Впрочем, глаза эти загорались бешенством, когда в её «царство» забирались люди с целью поддразнить ее. Тогда она сжимала свои грязные кулачонки или царапала землю ногтями, и все её лицо делалось тогда страшным и дико красивым.
Потом гнев её проходил, так же быстро, как и появлялся, и она снова пела свою песенку, греясь и нежась, как котенок на солнце.
Зимою «Синичка» исчезала из своего «царства», испуганная стужей и снегом, особенно снегом, которого она несказанно и беспричинно боялась.
Белая пелена его, ровно устилавшая двор и угол между сараем и забором, пугала ее. И она скрывалась в дворницкую и пряталась на лежанке, где и проводила целую зиму.
Но когда снова расцветали белые подснежники на зеленеющем дерне земляного погреба, с первыми лучами весеннего солнышка, «Синичка» опять выползала из дворницкой и водворялась в своем углу, среди больших листьев лопуха и жгучей крапивы. И пела, снова пела жалобно и протяжно.
– Ишь, разливается! – говорили о ней подвальные жильцы серого дома, – тоже, подумаешь, создание Божеское…
И они торопились пройти мимо, как бы боясь при виде оборванной, обездоленной идиотки подчиниться тому сосущему душу и ноющему чувству, которое зовется жалостью.
– Ладно, и своего горя довольно!.. Что ее жалеть: сыта, обута и слава Богу! А что не смыслящая – так это и лучше для неё…
И они были правы, по своему, эти умудренные горьким жизненными опытом философы…
Никто поэтому не заглядывал в далекий угол двора, заросший лопухами и крапивой, где ютилась со своей песней и пустыми глазами маленькая, тщедушная, обездоленная судьбою идиотка.
II
В сером доме случилось событие.
В один ясный, весенний полдень во двор серого дома въехали два фургона. В одном была нагружена мебель, а в другом – такие диковинные вещи, о которых бедные темные люди, жильцы серого дома, не имели ни малейшего понятия. Из последнего фургона осторожно вынимали какие то папки и картины, и в рамах и без рам, и высокие треугольники на ножках, и какие то ящики с едким и острым запахом красок. Следом за ними появились модели человеческих фигур, гипсовые руки, ноги, и опять папки и картины, картины и папки, без числа и счета.

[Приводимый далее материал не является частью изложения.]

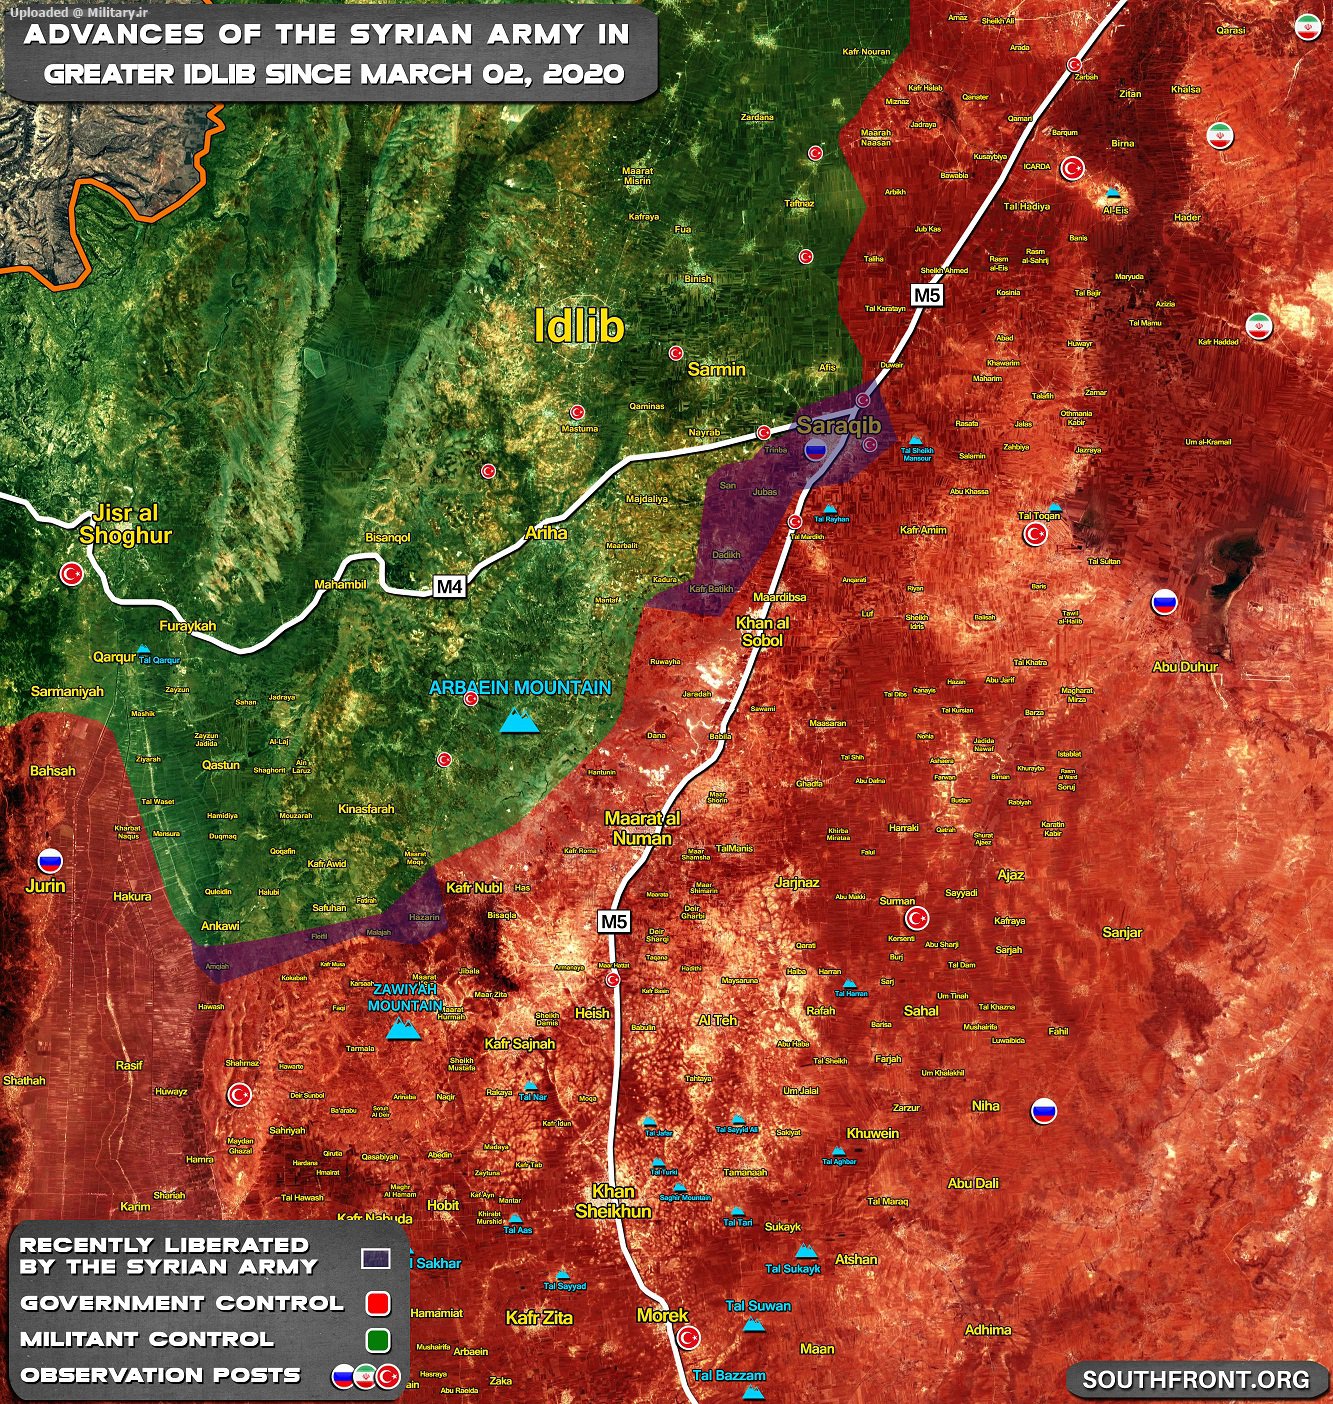 3march_Southern-Idlib-2_-_Copy.jpg

И все это бережно, как драгоценность, неслось в 3 ий этаж, куда так чудесно синело голубое небо и виднелись деревья соседнего сквера, покрытые первою весеннею зеленью.
И вот бледный высокий красивый человек с добрыми серыми глазами, в бархатной куртке выглянул из окна 3 го этажа и заторопил извозчиков с разборкою фургонов.
А внизу пела и заливалась «Синичка», потому что она всегда пела, когда бегали и суетились люди вокруг неё. Песня её не оборвалась и тогда даже, когда бледный человек в бархатной куртке неожиданно появился перед нею в её углу.
– Кто ты, девочка? – спросил он, удивленно всматриваясь в крошечную фигурку, полуприкрытую разросшимися вдоль забора лопухами.
Он принял ее за девочку, за ребенка, а между тем ей шел уже восемнадцатый год…
Она не удивилась, не оборвала песни, только взглянула на него своими пустыми глазами, в которых не чувствовалось бытия. Художник, – так как бледный человек в бархатной куртке был художник, – вздрогнул и отступил от «Синички».
Какая то внезапная и быстрая, как зарница, мысль мелькнула в его мозгу и водворилась в сердце.
Он не отрывал уже взора от пустых глаз «Синички» и сказал ей, насколько умел ласково и кротко:
– Пойдем со мною.
Но она не поняла его и только все пела и пела, протяжно и печально, свою однообразную песенку, под звук которой невольно хотелось плакать.
Он порылся немного в карман своей бархатной куртки и, вынув оттуда конфетку, протянул ей со словами:
– Я тебе дам еще много, много, если пойдешь ты за мною!
Тогда она улыбнулась ему сознательной и жадной улыбкой, потому что любила сласти, и последовала за ним, оборвав свою песню.
Он привел ее в студию, из окна которой виднелись голубое небо и зеленые деревья и где жил его творческий гений, в который он верил твердо и слепо.
А люди внизу смеялись над тем, что он увел к себе «Синичку», потому что люди всегда склонны видеть в жизни больше дурного, нежели хорошего.
III
Сначала дело не клеилось…
Он никак не мог растолковать ей то, что ему было нужно от неё.
Она грызла конфеты и смотрела на него своими пустыми глазами, поразившими его с первого взгляда.
Всем существом его, как огонь лихорадки, овладела идея.
Это была картина… вернее – должна была быть картина.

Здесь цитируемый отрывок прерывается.